Numerical solution of Volterra-Fredholm Integro differential equation using Banach Contraction Method / Nur Kamilia Salleh, Muhammad Afiq Ahmad Zaki and Akmal Hakim Tajudin

In this research, our main goal is to apply the Banach Contraction Method (BCM), which outlines the conditions required for a fixed point’s existence and uniqueness. BCM is an essential tool in the idea of metric spaces as a fundamental understanding. Additionally, it offers a numerical algorithm to approach those fixed points and suitable requirements for the fixed points of specific classes of self-mappings. With this approach, BCM offers an ongoing procedure called iteration by means of which we can get closer approximations to a problem’s solution and error bounds. There are many ways to solve nonlinear problems.
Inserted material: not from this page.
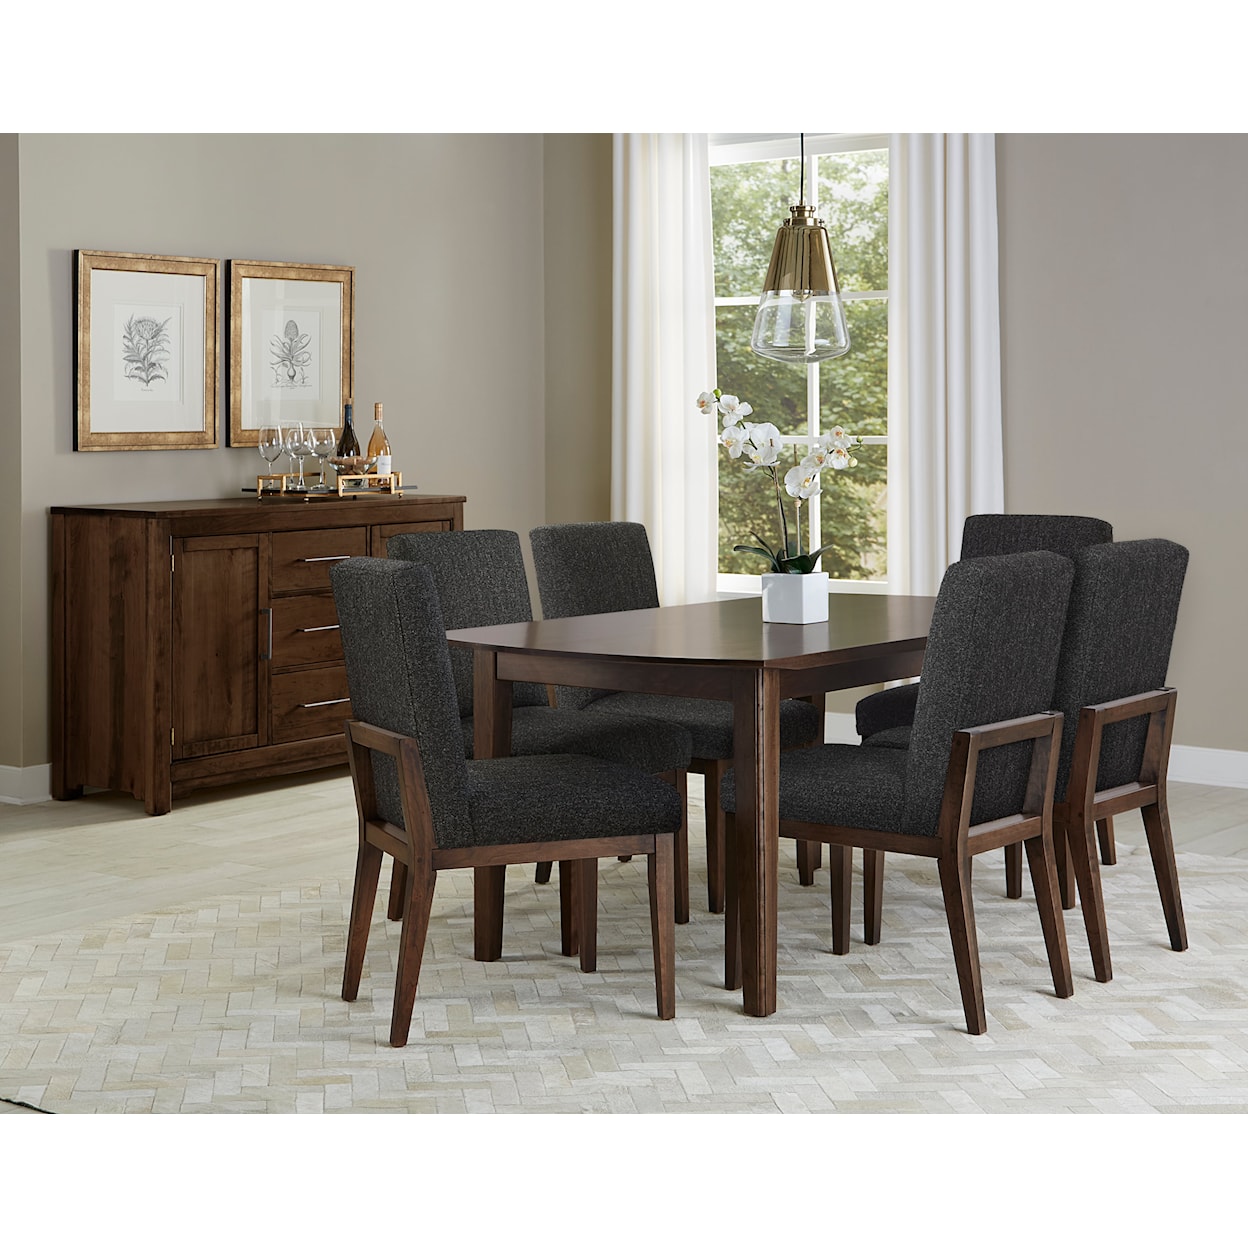 Virginia House Crafted Cherry - Dark Upholstered Side Dining Chair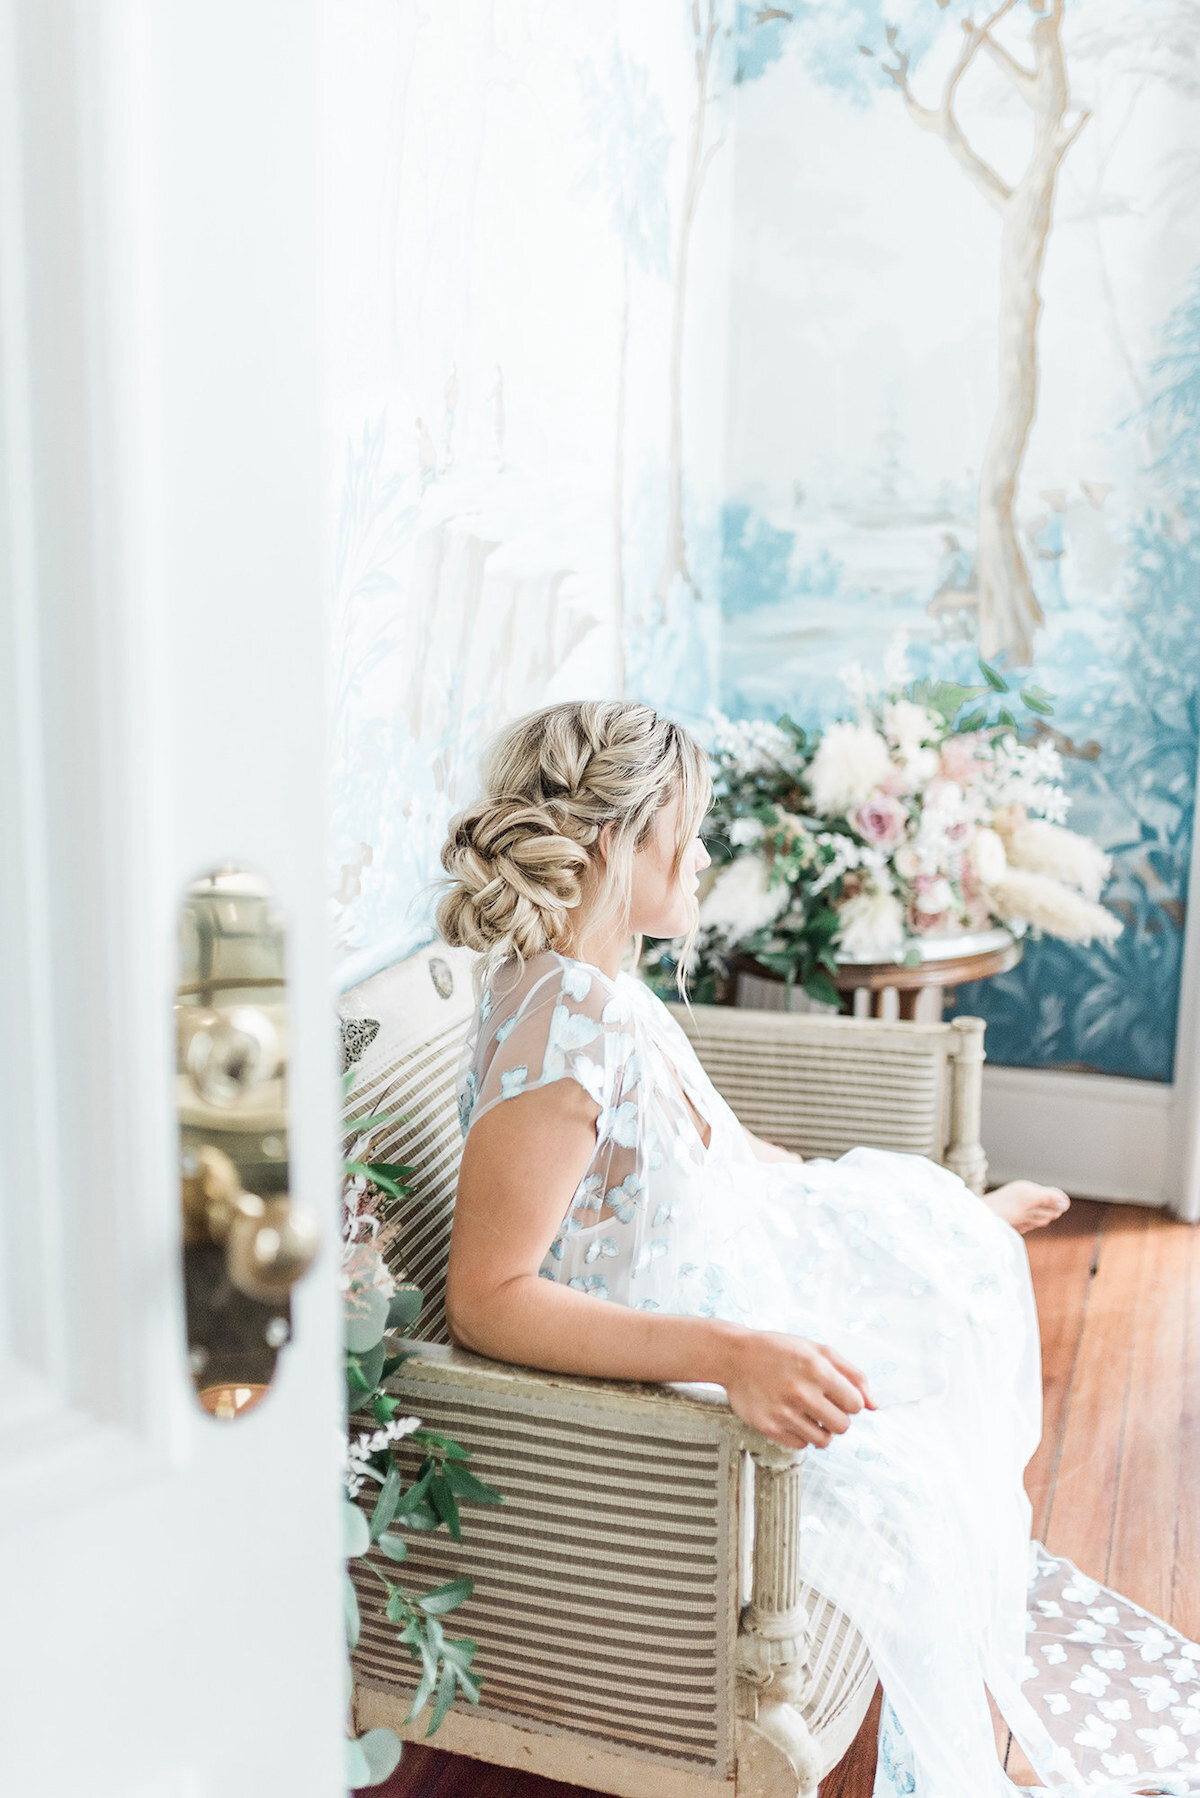 Step into a world of artful visions with our couture bridal photography. Each frame tells a story of high-end fashion, where creativity meets elegance in every stitch and design.

There are other strategies used, such as the Adomian Decomposition Method (ADM), Variational Iteration Method (VIM), Newton Method, Homotopy Perturbation Method (HPM), Sumudu Decomposition Method (SDM), Laplace Decomposition Method (LDM) and others. It was therefore proposed that the Volterra-Fredholm Integro Differential Equation (VFIDE) may be resolved via the BCM. This report consists of research finding that have been conducted with the purpose to achieve two objectives. The purpose of this study was to solve the VFIDE by using BCM and to analyse the accuracy and efficiency of the BCM by obtaining the exact value. Using Maple Software, the BCM will attempt to solve VFIDE in the most straightforward manner possible.